This study will examine the long-term effects of lithium used to treat children and
adolescents with aggressive conduct disorder (severe aggression).
Psychotherapeutic agents are often administered without sufficient testing to children and
adolescents, often on a long-term basis, to reduce aggression. Many pressures, including
managed care, will increase the utilization of pharmacotherapy in the outpatient setting to
treat serious problems. Lithium is the most promising agent for the treatment of aggression
in children and adolescents. However, it has not been shown that lithium is an effective
treatment for these patients in the outpatient (non-hospital) setting, or on a long-term
basis. The purpose of this study is to examine the long-term effects of lithium used to
treat children and adolescents with aggressive conduct disorder (severe aggression).

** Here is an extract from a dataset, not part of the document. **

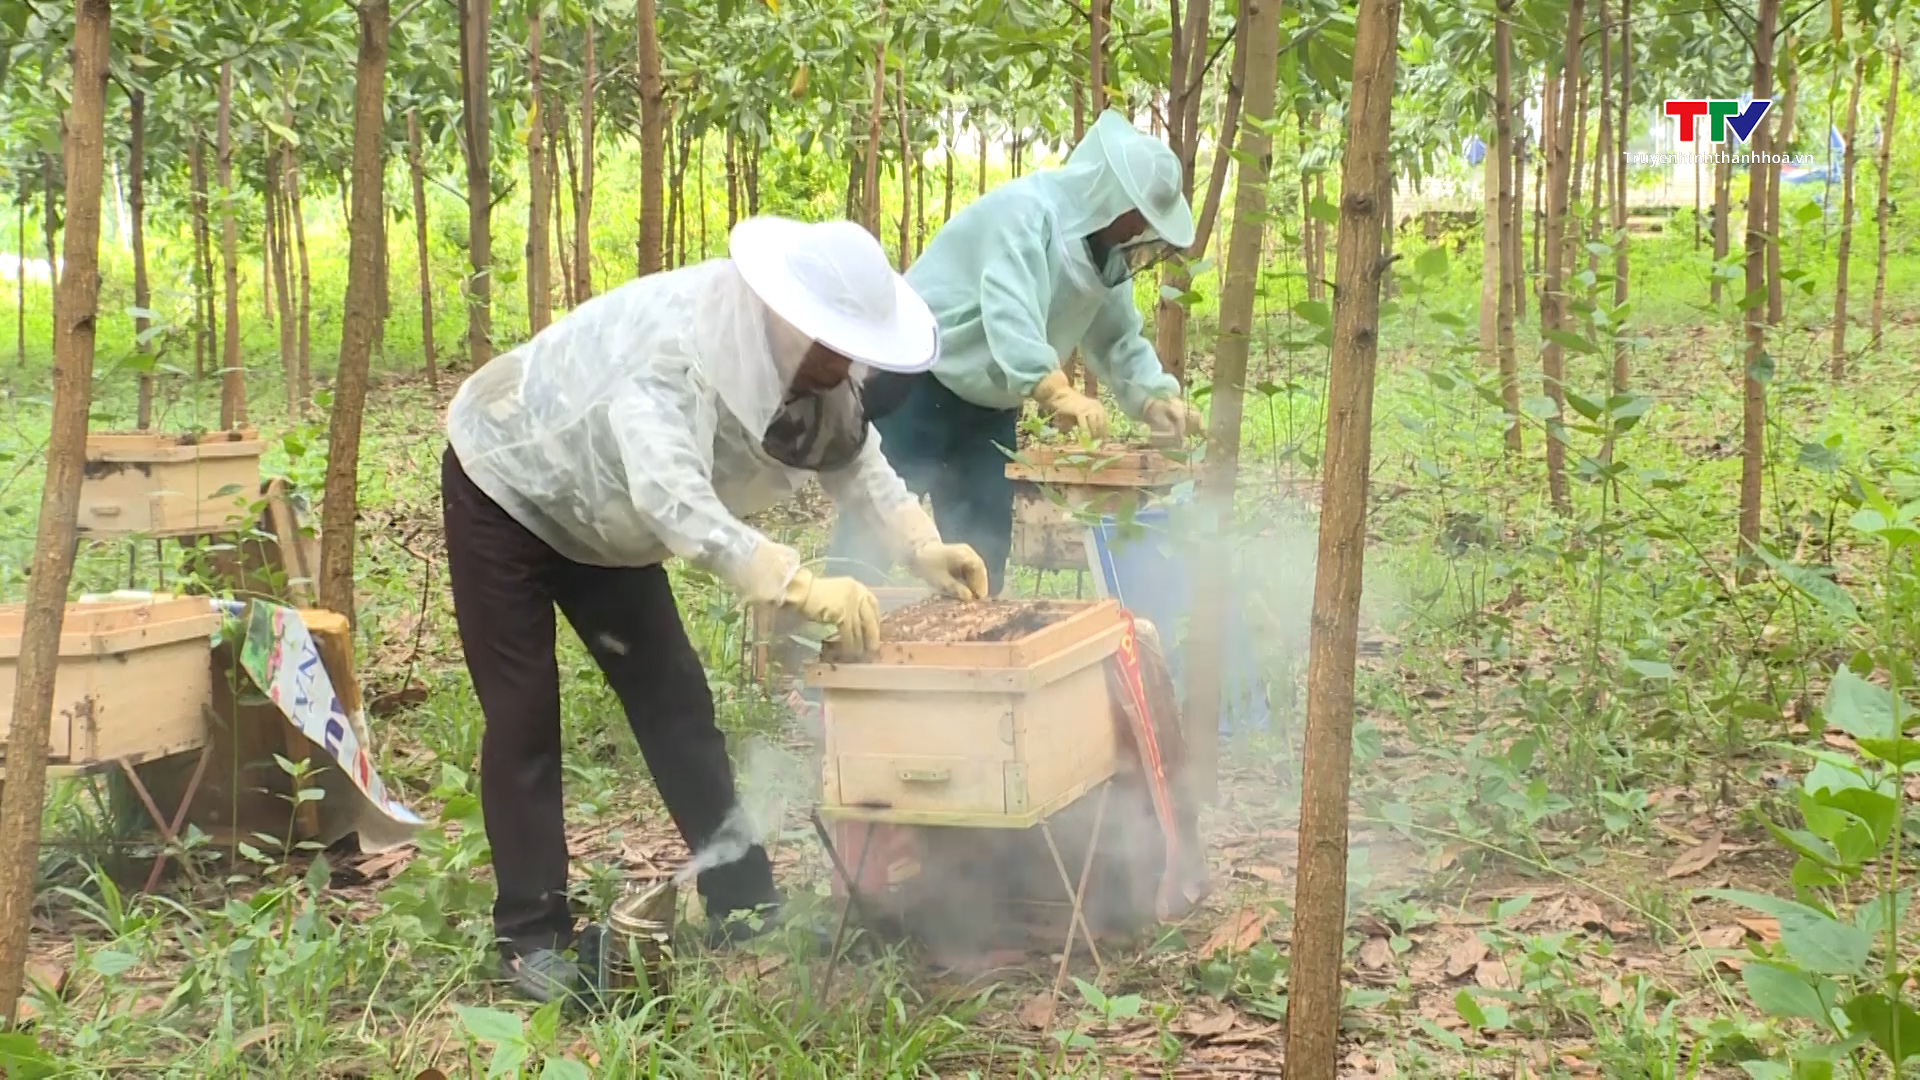 Hợp tác xã ong mật Thành Kim sản xuất theo tiêu chuẩn VietGap - Ảnh 4.

The proposed study is a two-phased clinical trial of lithium for the treatment of aggression
in conduct disorder. Both phases are double-blind and placebo-controlled with randomization
and employ a parallel groups design. Phase 1 contains a short-term 8-week controlled trial,
with twice as many subjects randomized to lithium as placebo, increasing the pool of
potential lithium responders to continue to Phase 2. In Phase 2, lithium responders from
Phase 1 enter a 6-month long-term controlled trial. Every attempt is made to define
responders to lithium.
1. Males and females
2. Ages between 9 and 17 years.
3. Conduct disorder according to DSM-IV (As rated on the DICA-IV).

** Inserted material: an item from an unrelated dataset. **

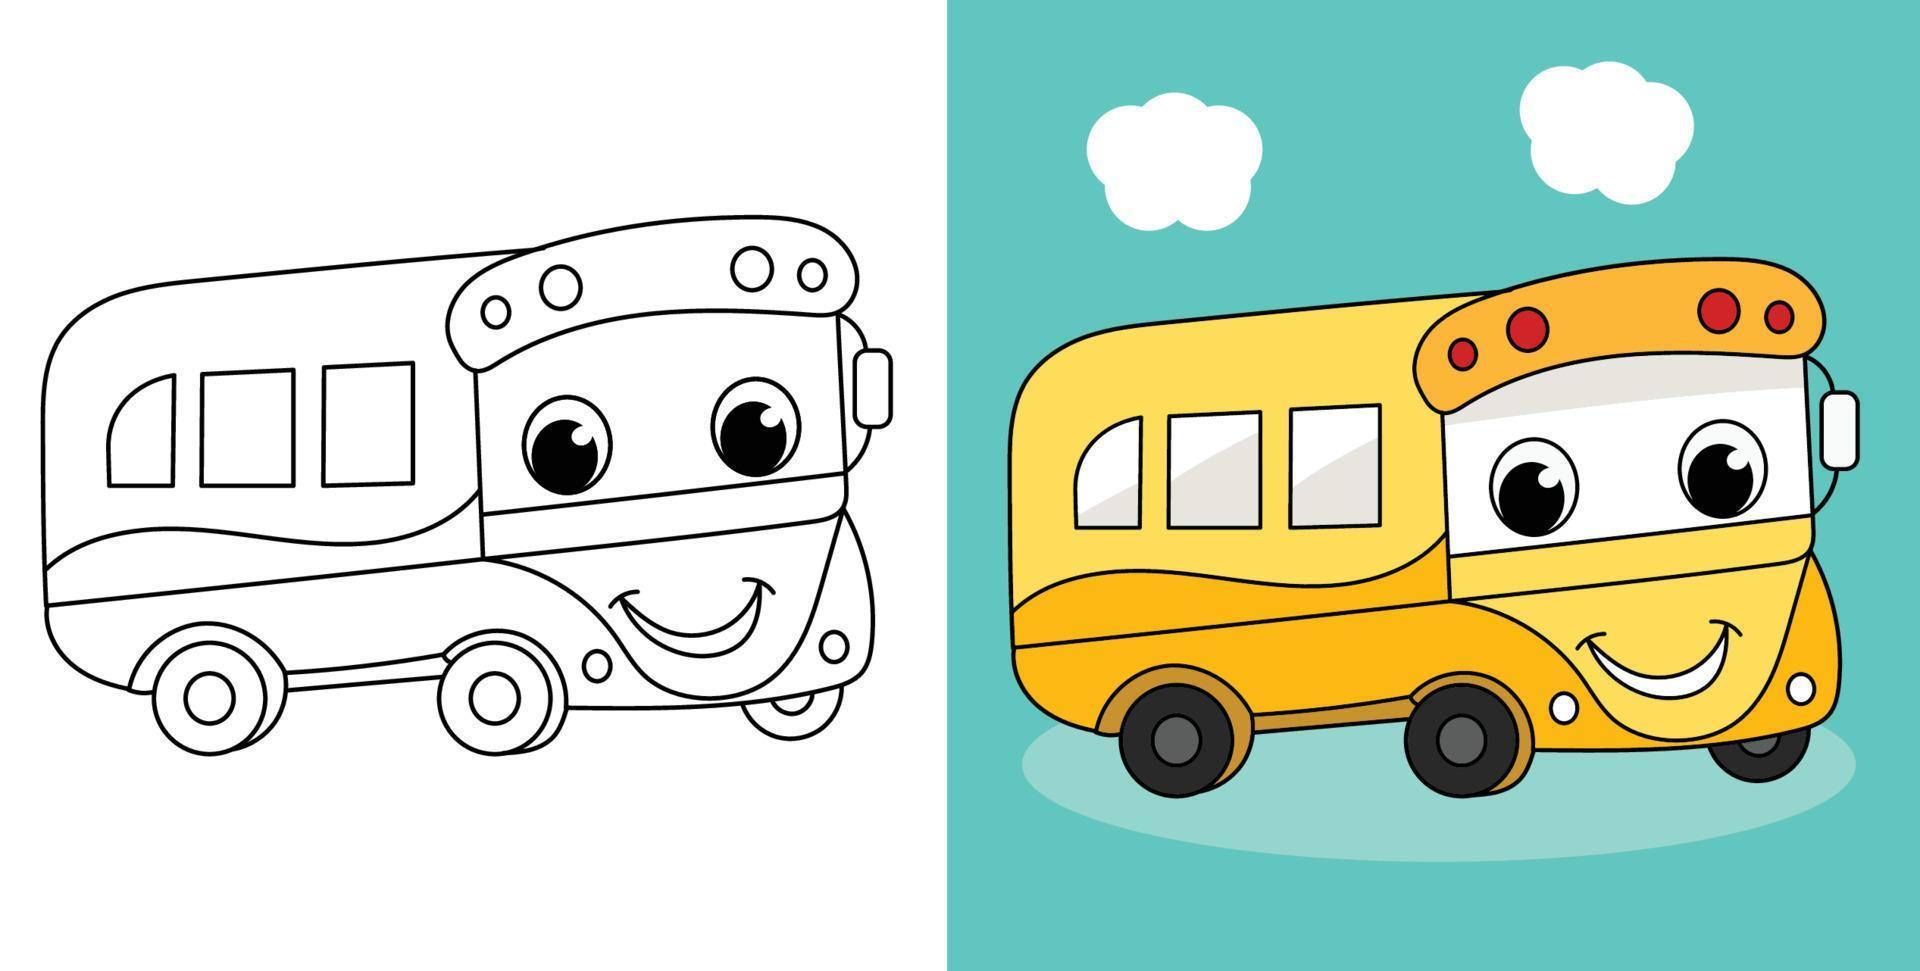 veículo de contorno desenhado à mão ilustração de ônibus escolar bonito vetor de personagem de desenho animado página para colorir para crianças

4. The aggression criterion at screening
1. Mental Retardation.
2. Pervasive Developmental Disorder(s).
3. Major Depressive Disorder or Dysthymic Disorder.
4. Bipolar Disorder.
5. Psychotic Disorder (including Schizophreniform Disorder and Schizophrenia).
6. Major medical problem such as cardiac, renal, and thyroid diseases, or seizure
7. History of psychoactive medication in the previous 2 weeks.
8. Current Pregnancy in females.
9. History of Substance Dependence in the past month.
10. Prior to the proposed study, a history of lithium treatment with serum lithium
levels of 0.4 mEq/L or higher for a cumulative period of greater than 10 days.